*Exercise objective:* Everything in the listing should be copied exactly, save for the pictures.

*Data excerpt:*
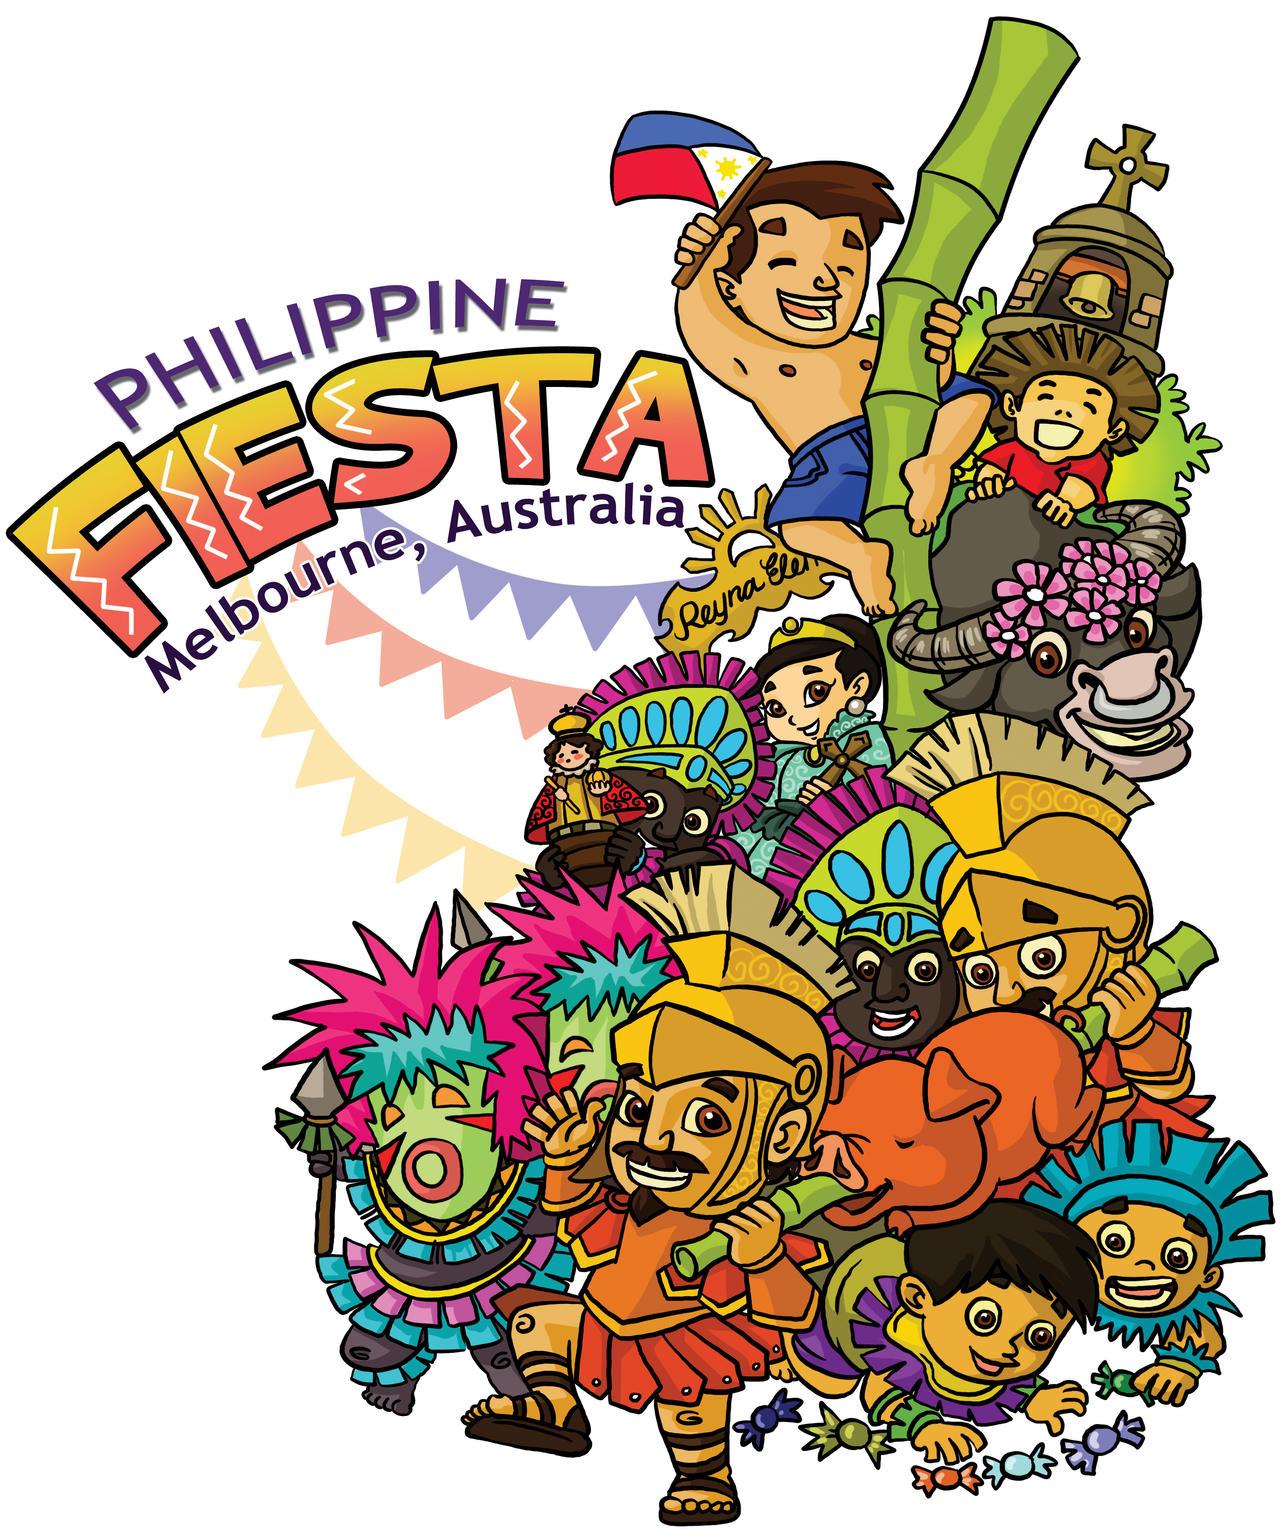 filipino culture wallpaper - photo #23
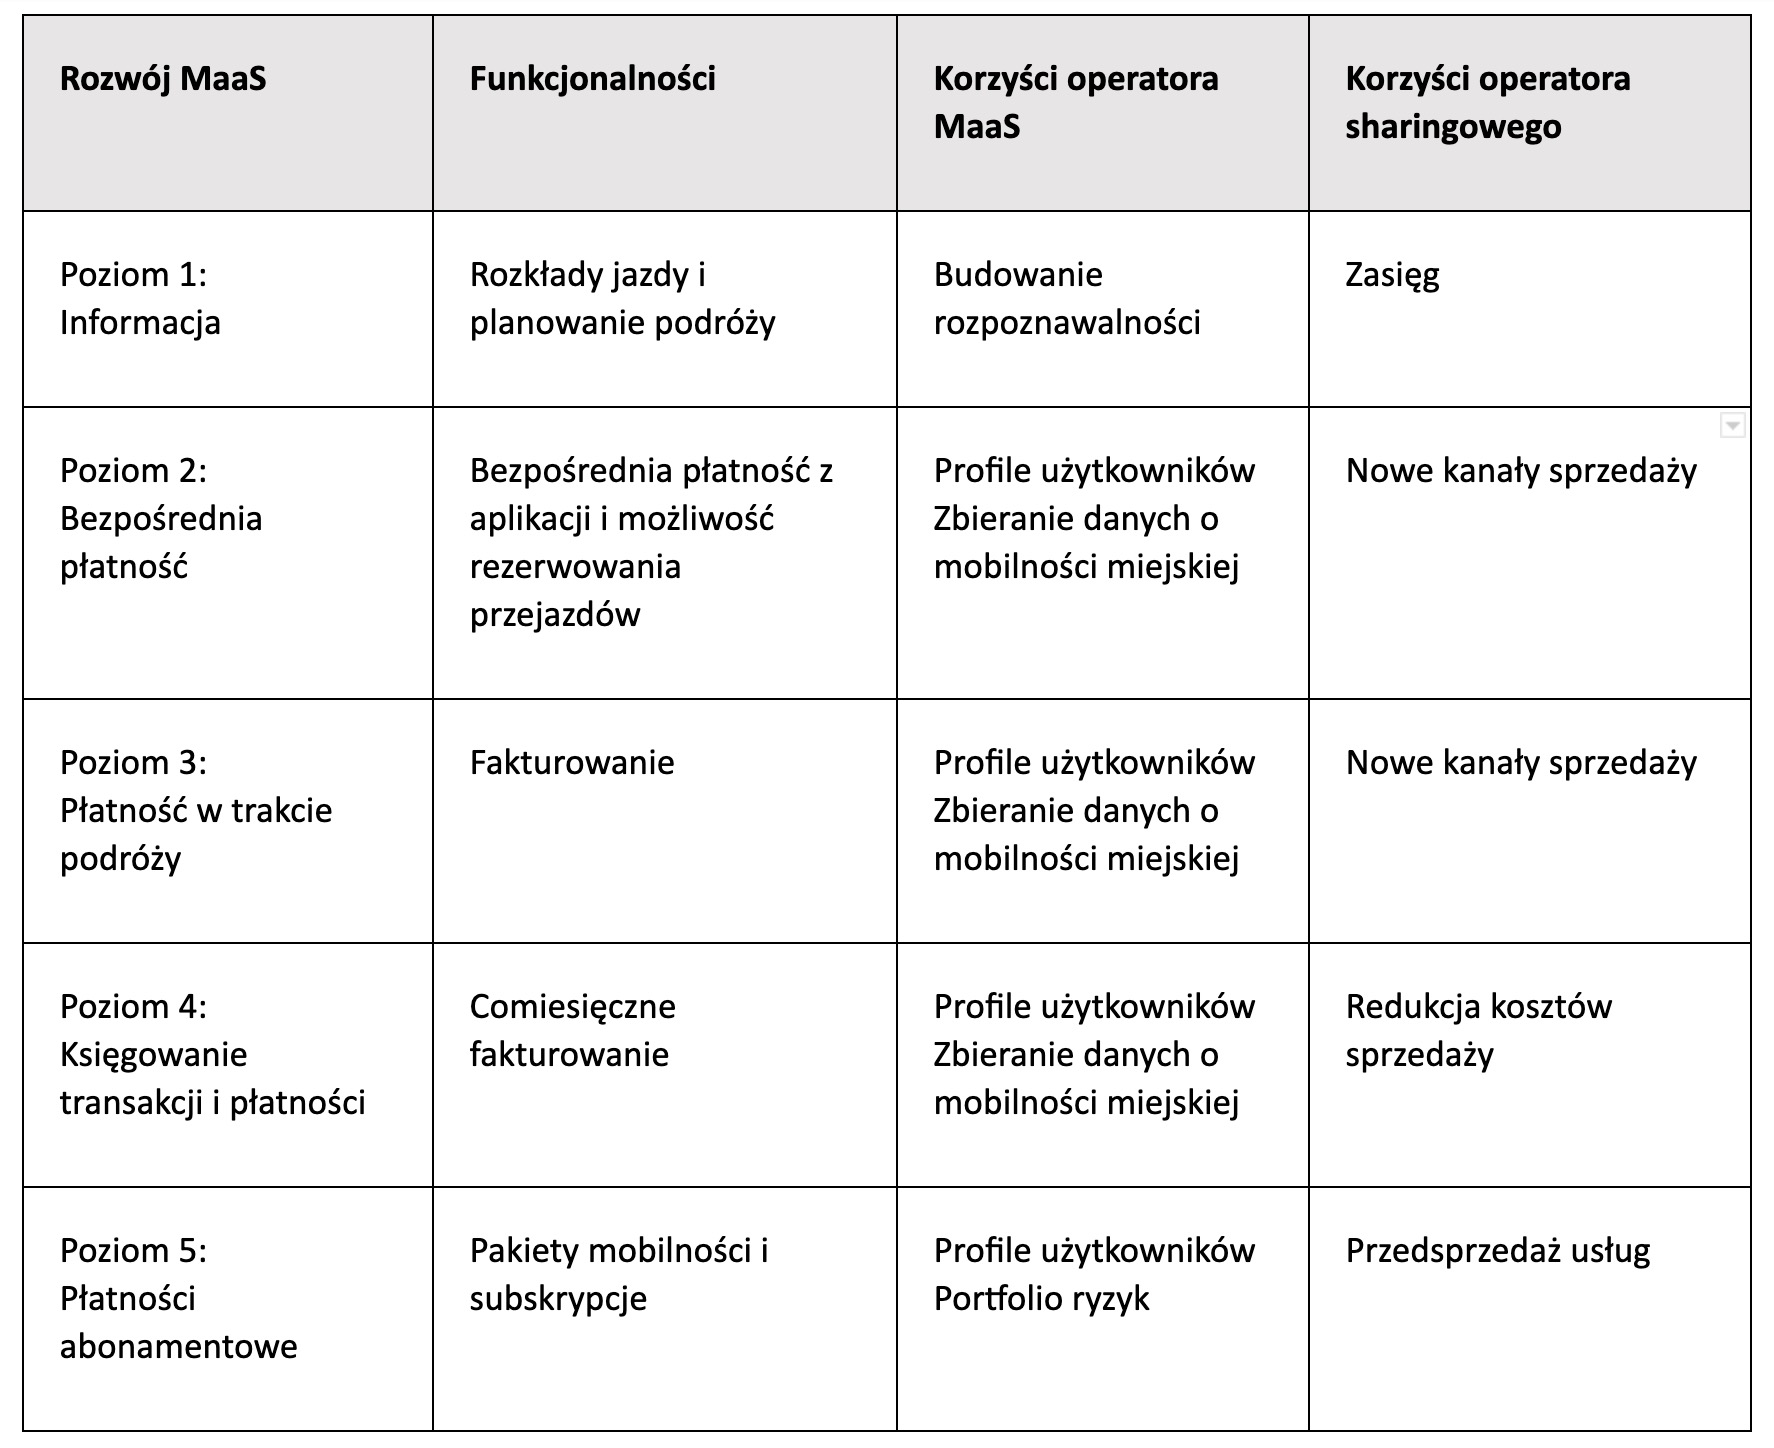 tabela rozwój maas - korzyści z partnerstwa
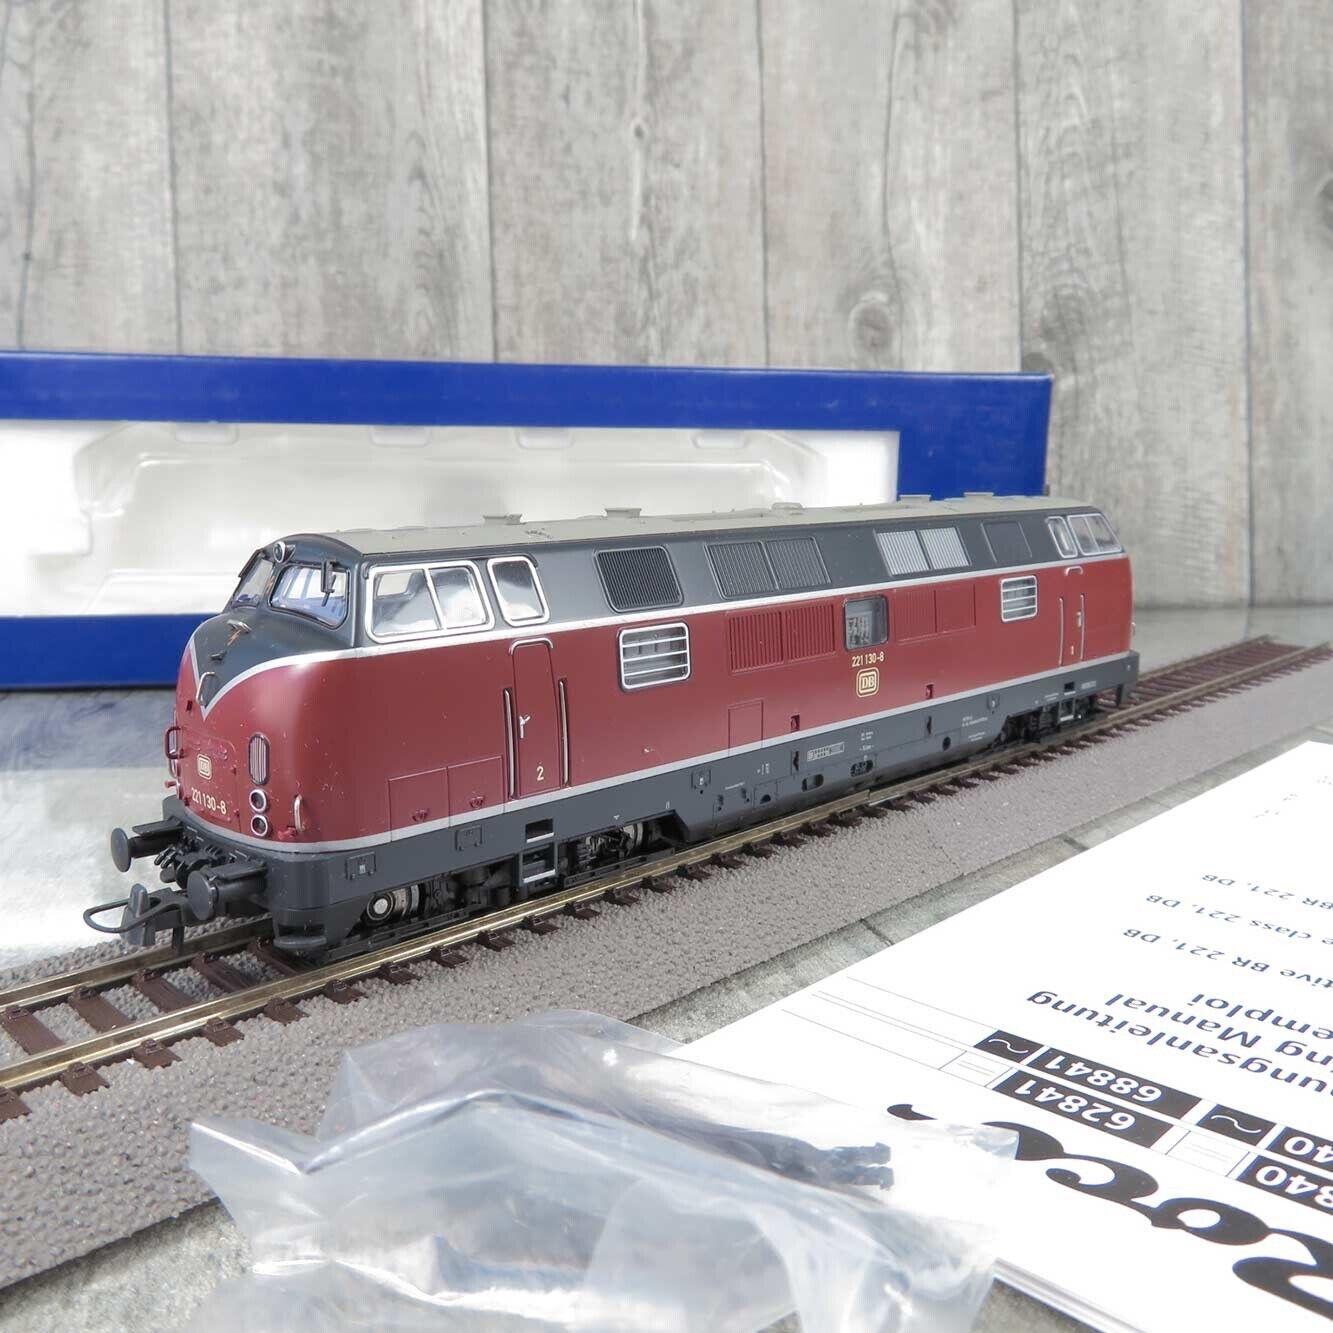 ROCO 62840 - H0 - Diesellok - DB 221 130-8 - Digital - OVP -  G24685

*Exercise solution:*
 filipino culture wallpaper - photo #23
 tabela rozwój maas - korzyści z partnerstwa
 ROCO 62840 - H0 - Diesellok - DB 221 130-8 - Digital - OVP -  G24685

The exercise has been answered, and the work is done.